First, I never like not feeling in control. I never liked having an excuse for really bad behavior. And second, I never liked the effect drinking had on others. People became, to my eyes, not funnier, more clever, or sexier, but loud, obnoxious and often vomitous.

However, as a lifelong reader of ads, even as a young man, you couldn't help but notice the ads run week after week by Chivas Regal. They were created by DDB and they helped make Chivas the Mercedes-Benz of scotch. 

The ads appeared like a good sitcom. You'd get a new one virtually every week and you actually looked forward to the next one. 

That shows the value of a lot of things. Wit. Consistency. And an tone, look and feel that was owned by the brand--an amalgamation that no other brand could touch. (I imagine people felt the same way about VW ads. Each one was like another installment in a story you enjoyed reading. What would they come up with next?)













A couple years after DDB and Chivas established the campaign above, I imagine there were some late nights at Jerry Della Femina's agency--they had to come up with a campaign for an also-ran brand, Teacher's Scotch.

Putting my size 13s in the shoes of the creatives who were assigned the campaign, I can imagine the cursing. "Damn, Chivas has already done that." "Shit, how do we do something better than DDB?" "Fuck, we're never going to work again."

But what Della Femina created was wonderful. Wonderful in the 70s. Wonderful today.

They're monologues, really, little comedic bits by some of the major celebrities of the day. They're a bit like "Playboy" interviews, really--the most read bit of a magazine that was seldom read.

We talk a lot these days about "engagement." We want people to engage with our brands. These efforts are usually about as successful as Mike Pence's "Big Book of Jokes, Toasts, Quips and One-liners."

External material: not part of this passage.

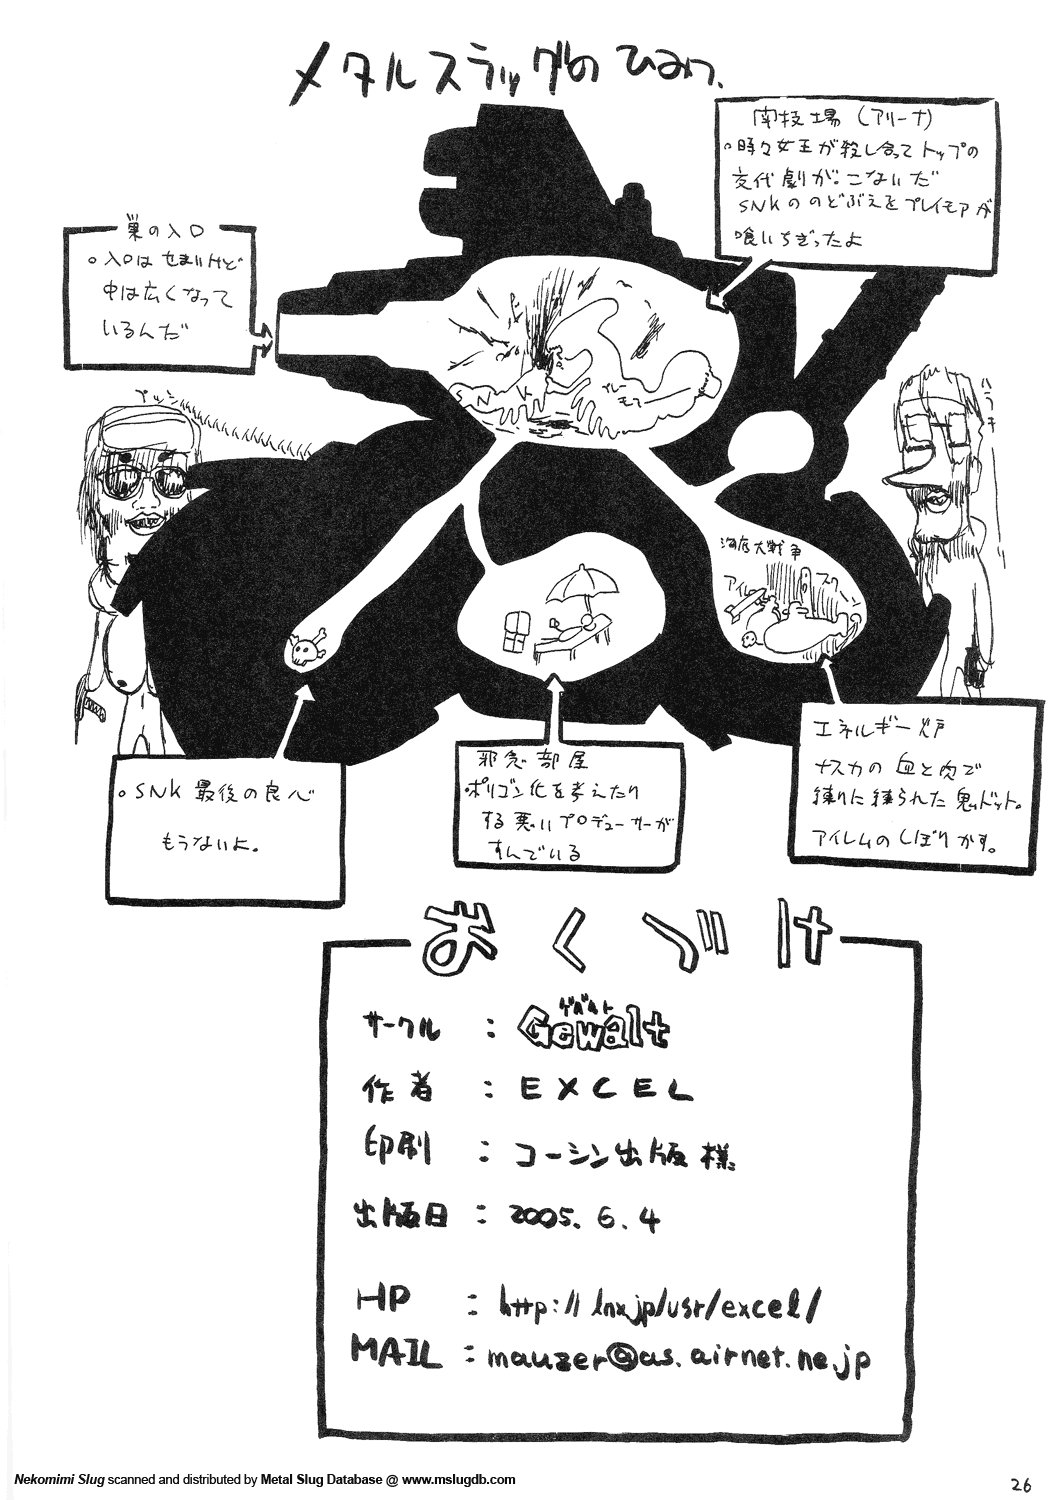 [GEWALT (EXCEL)] Nekomimi Slug (Metal Slug) page 26 full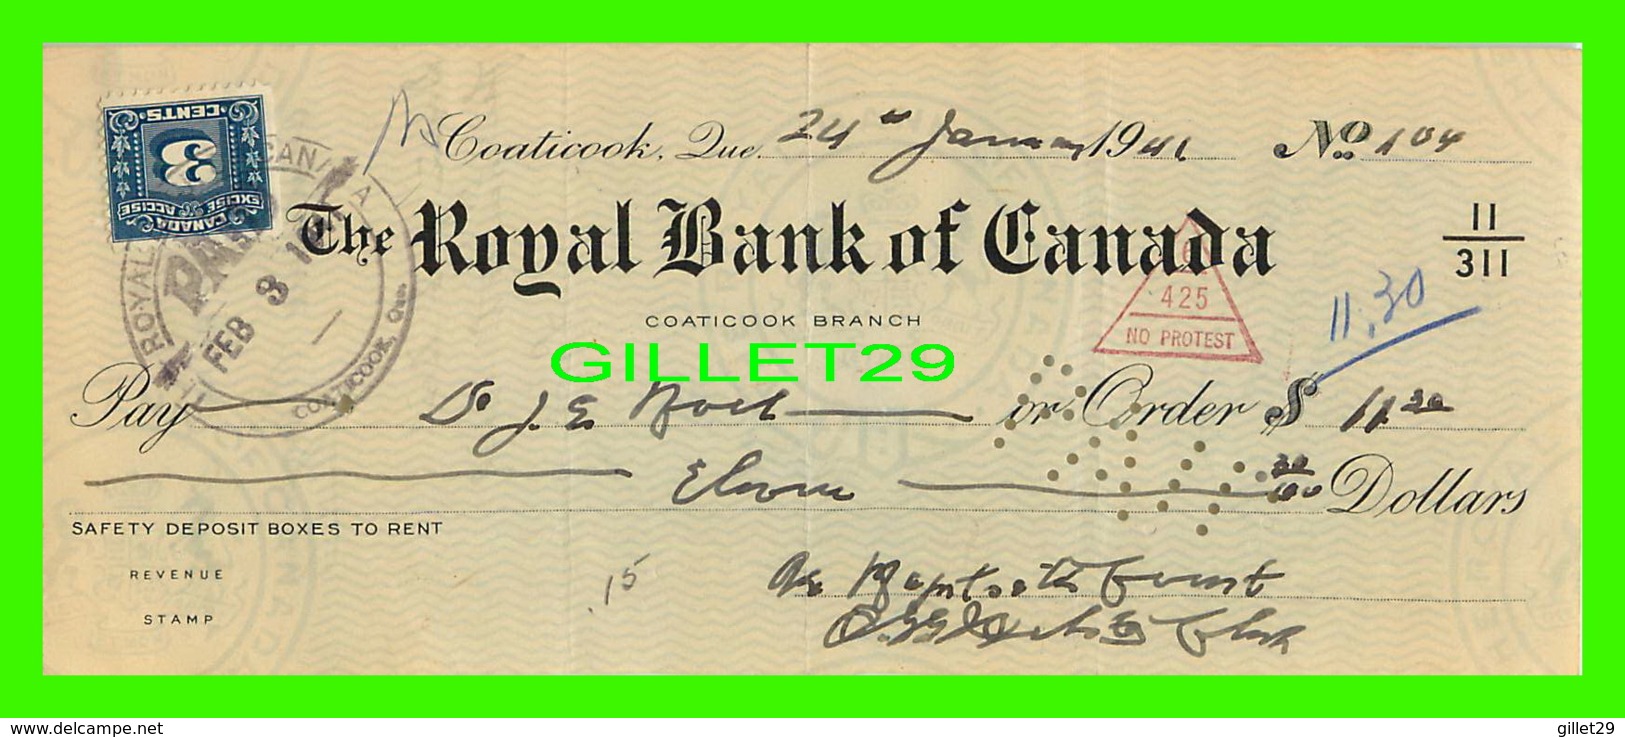 CHÈQUES - THE ROYAL BANK OF CANADA, COATICOOK BRANCH IN 1941 - DIMENSION 21,5 X 30 Cm - - Chèques & Chèques De Voyage

I can't think of the last time I engaged with a brand. I can't think of the last time a brand told me something unique and interesting.

My friend Rob Schwartz, CEO of TBWA\Chiat\Day played Maxwell Perkins to my Thomas Wolfe and suggested I write this post.

Rob's a CEO now, but he's a writer at heart. As such, I'm sure a little bit of him feels like I do. I want to howl at the moon every time I hear someone assert that people don't read anymore. 

(If you're a client or a creative director or an account person, you can't say on the one hand that you want engaging ads, and on the other that people won't read.)

I'm not sure the ads below will be legible. Some are higher-res than others. Here are two excerpts that I think will leave you wanting more. Long copy. Long copy that makes you want to read.

That's what good ads do.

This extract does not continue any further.